• [Your task] Starting at the line that holds "Pyramidenartiges Glasdach symmetrisch", quote every line through the end of the records, both boundary lines included. Omit the pictures.

• [Records shown]
'''
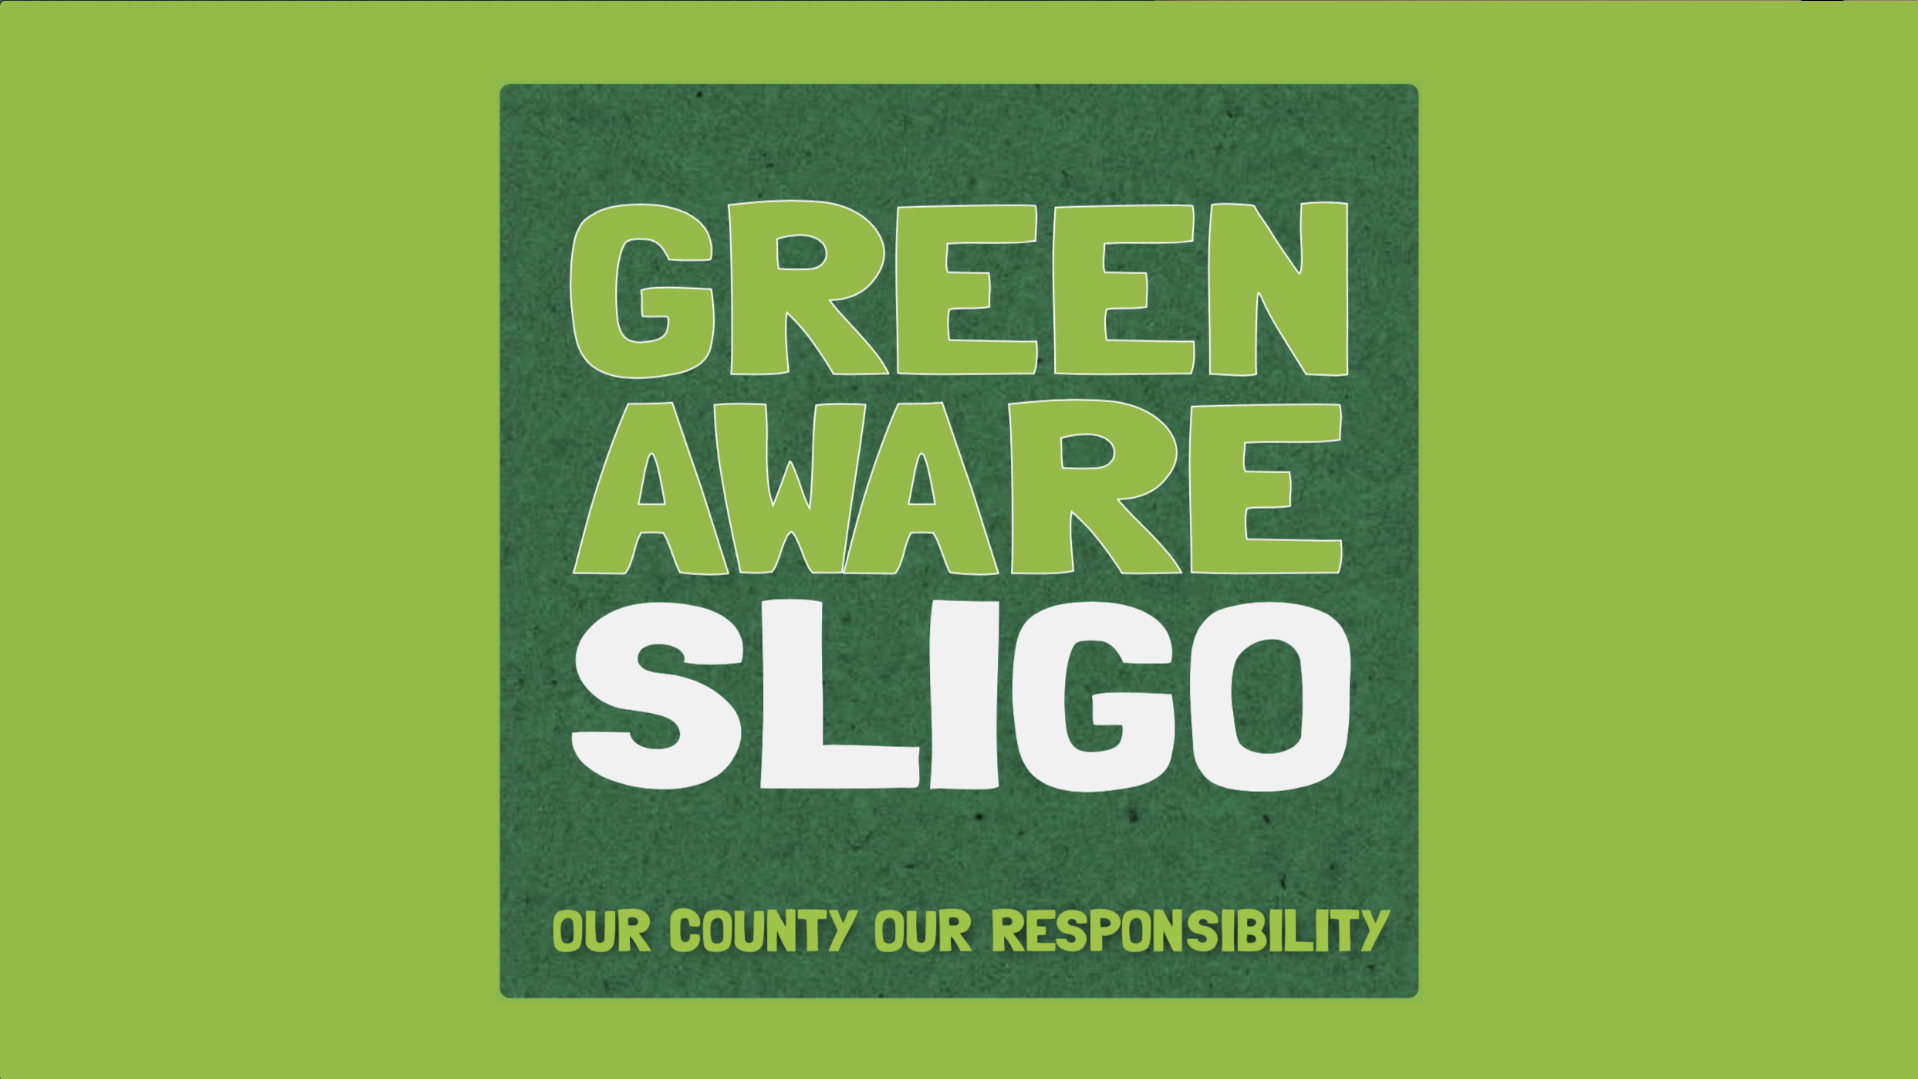 Blog 1 - When did Green Aware Sligo Begin?
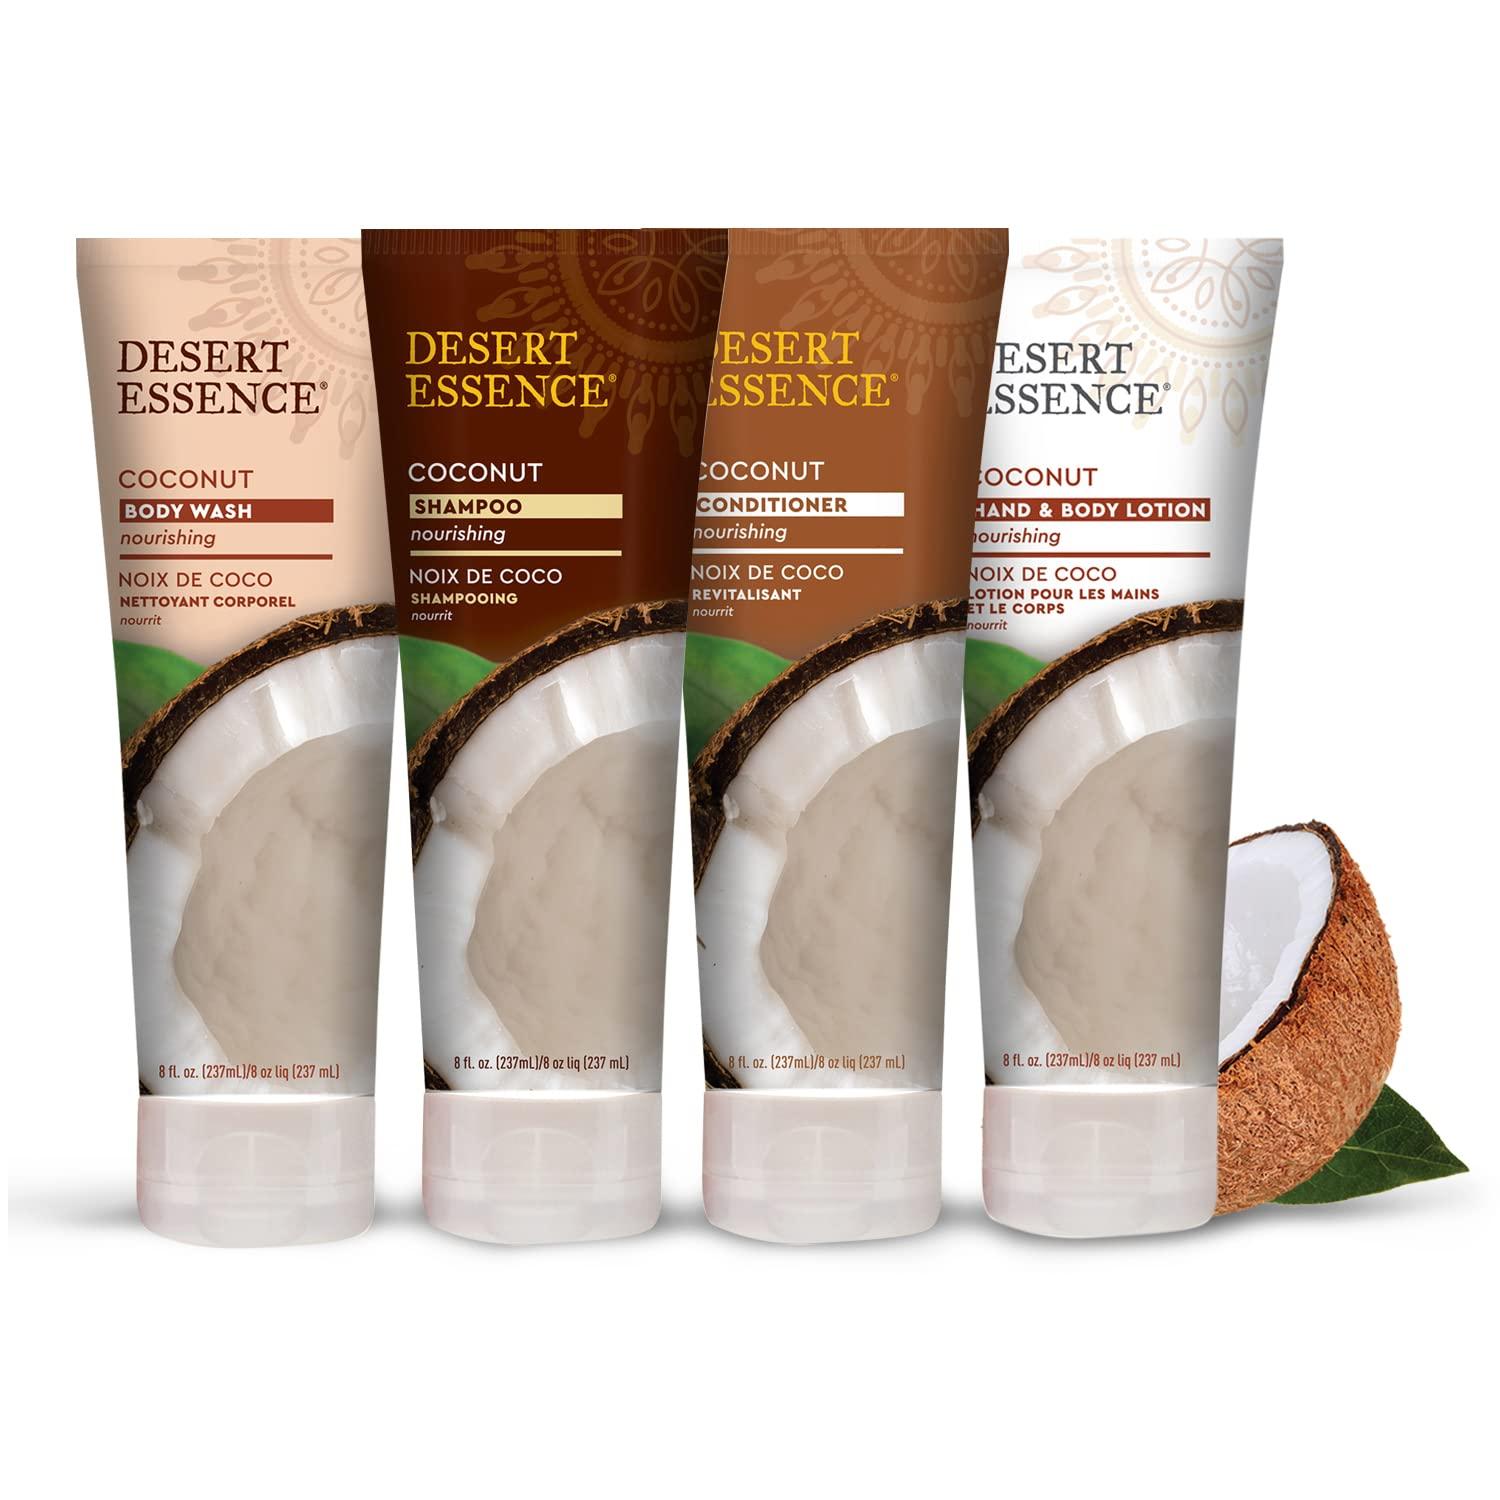 NEW Desert Essence Coconut Shampoo Nourishing for Dry Hair 8 fl.oz
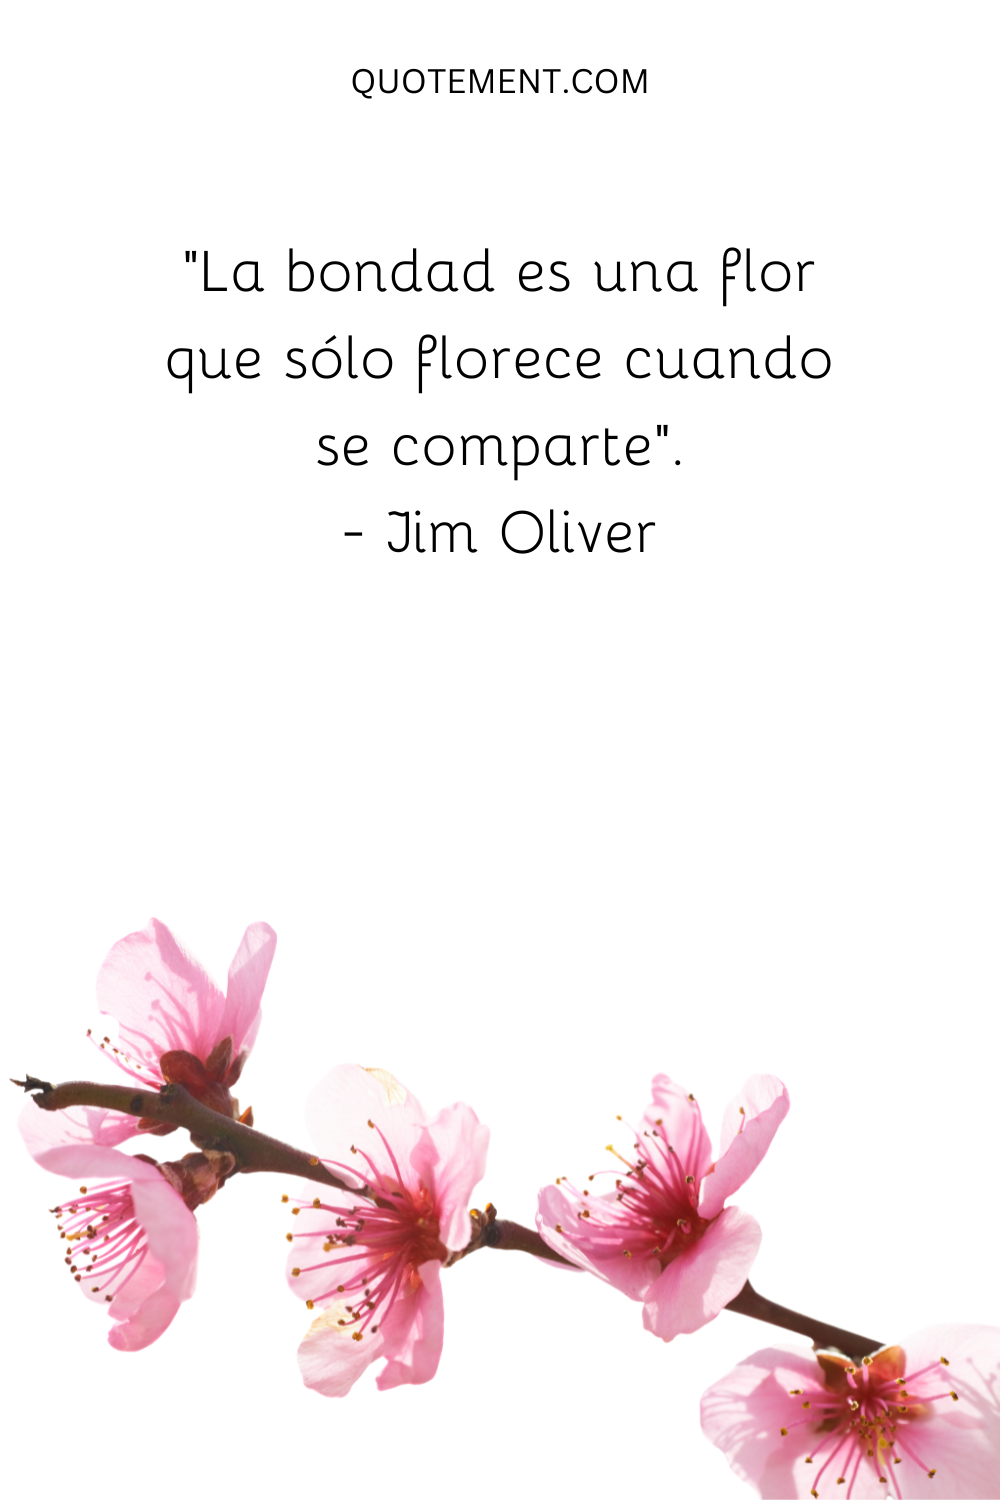 "La bondad es una flor que sólo florece cuando se comparte". - Jim Oliver
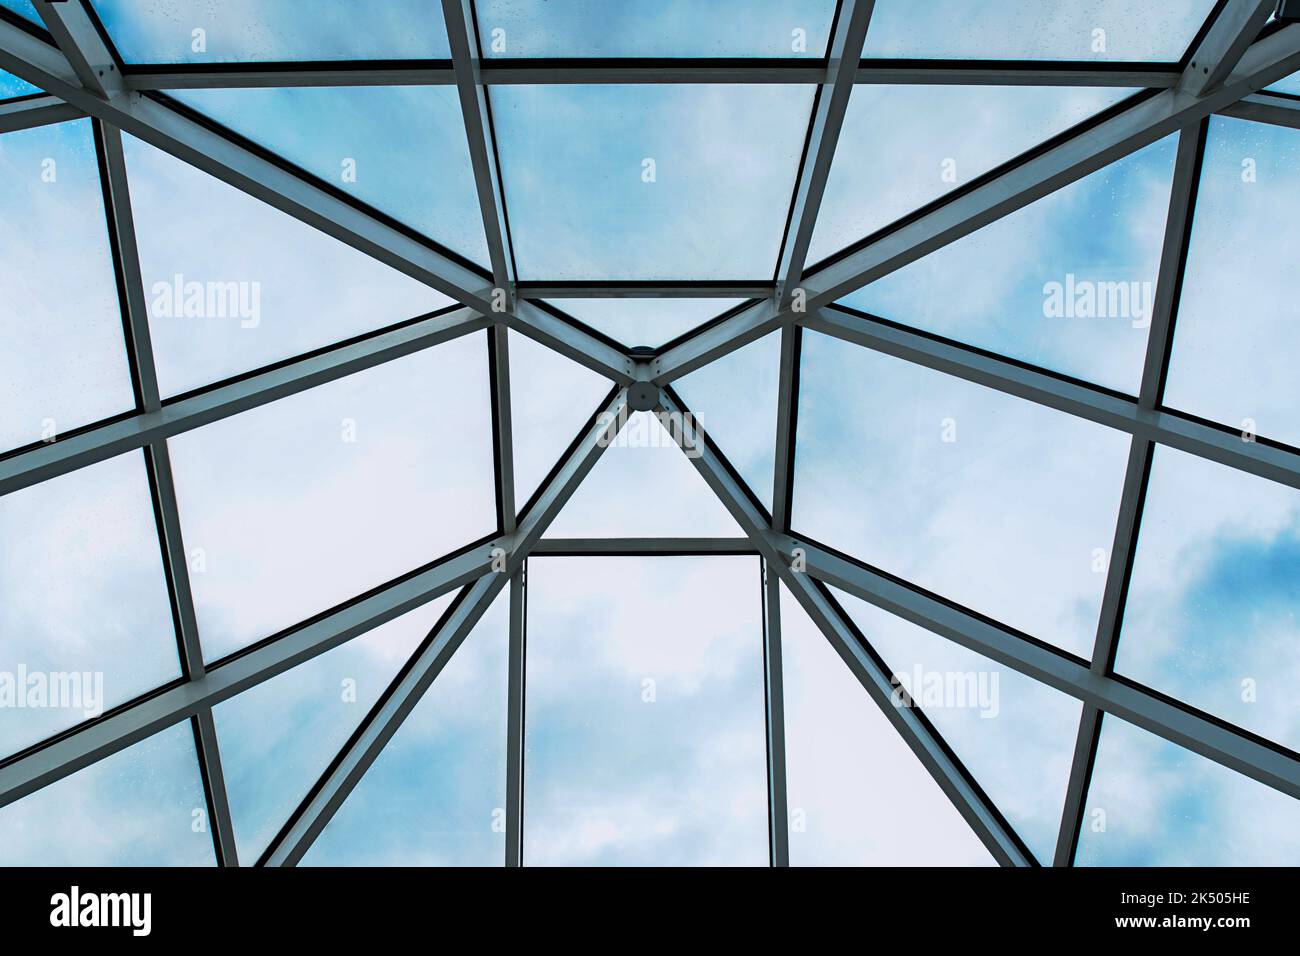 Pyramidenartiges Glasdach symmetrisch dargestellt Stock Photo
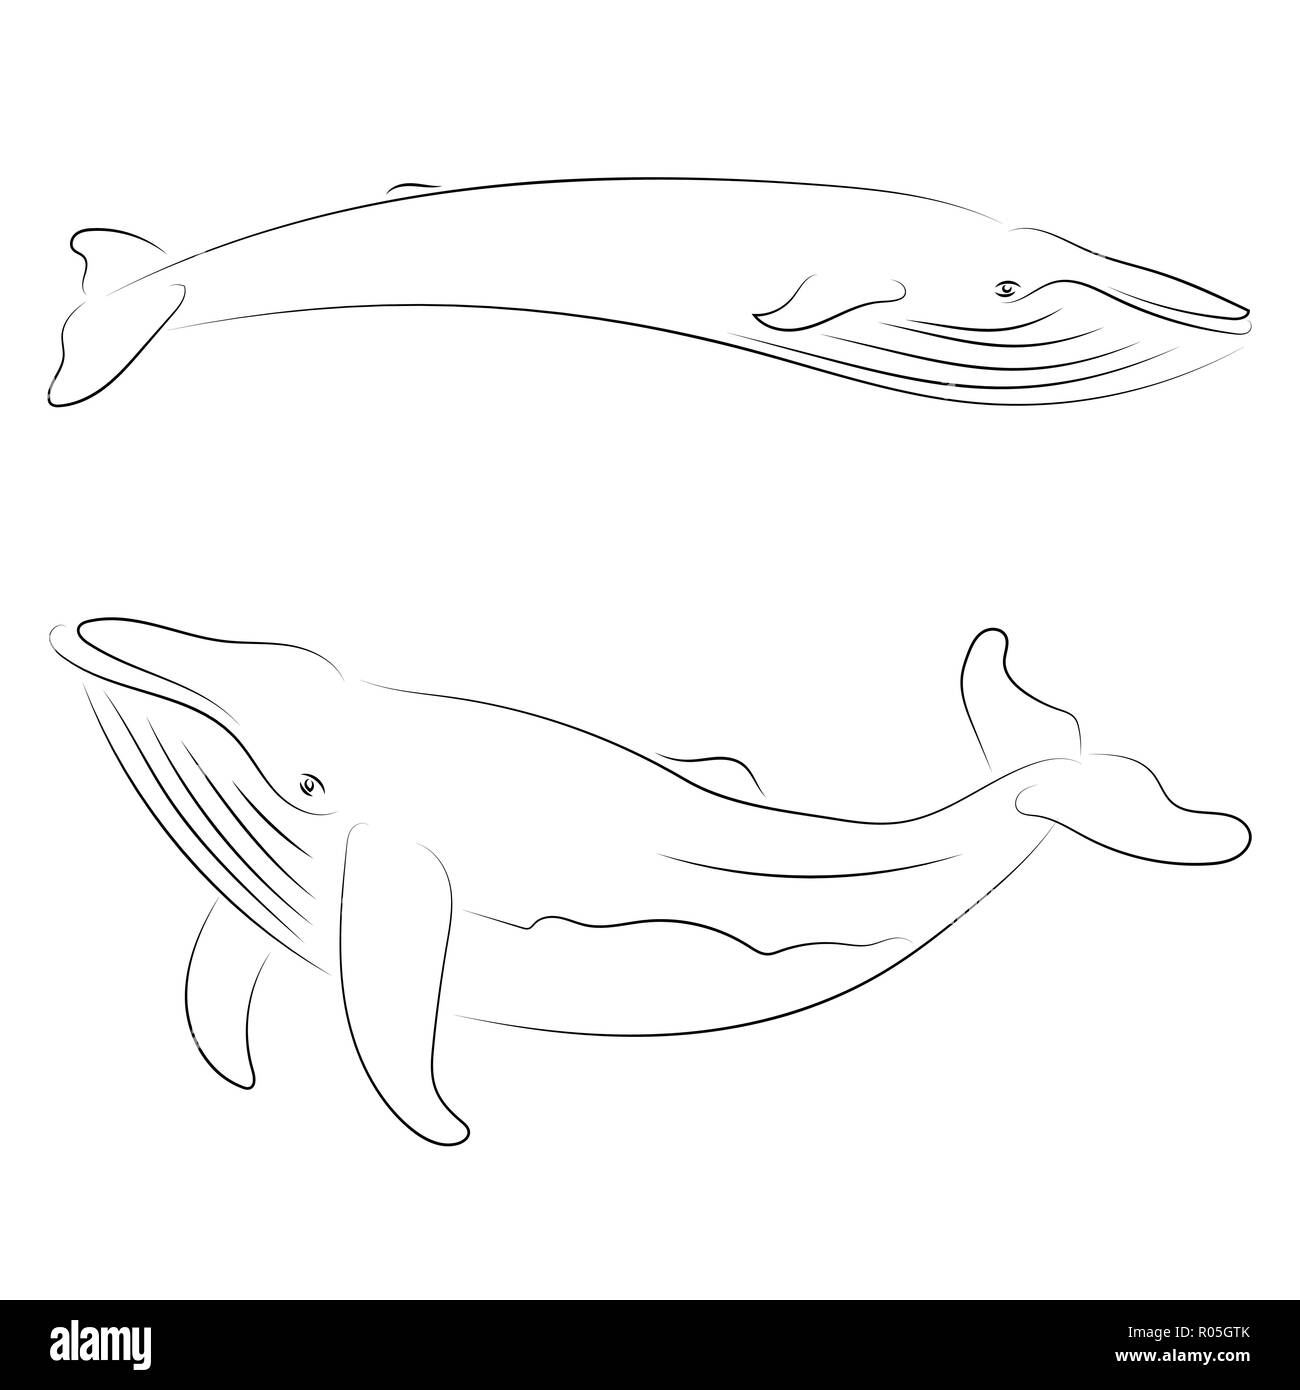 La Ligne Noire Sur Fond Blanc De Baleine Dessin A La Main Graphique Style Croquis Animal Image Vectorielle Stock Alamy
'''
• [Solution below]
 Pyramidenartiges Glasdach symmetrisch dargestellt Stock Photo
 La Ligne Noire Sur Fond Blanc De Baleine Dessin A La Main Graphique Style Croquis Animal Image Vectorielle Stock Alamy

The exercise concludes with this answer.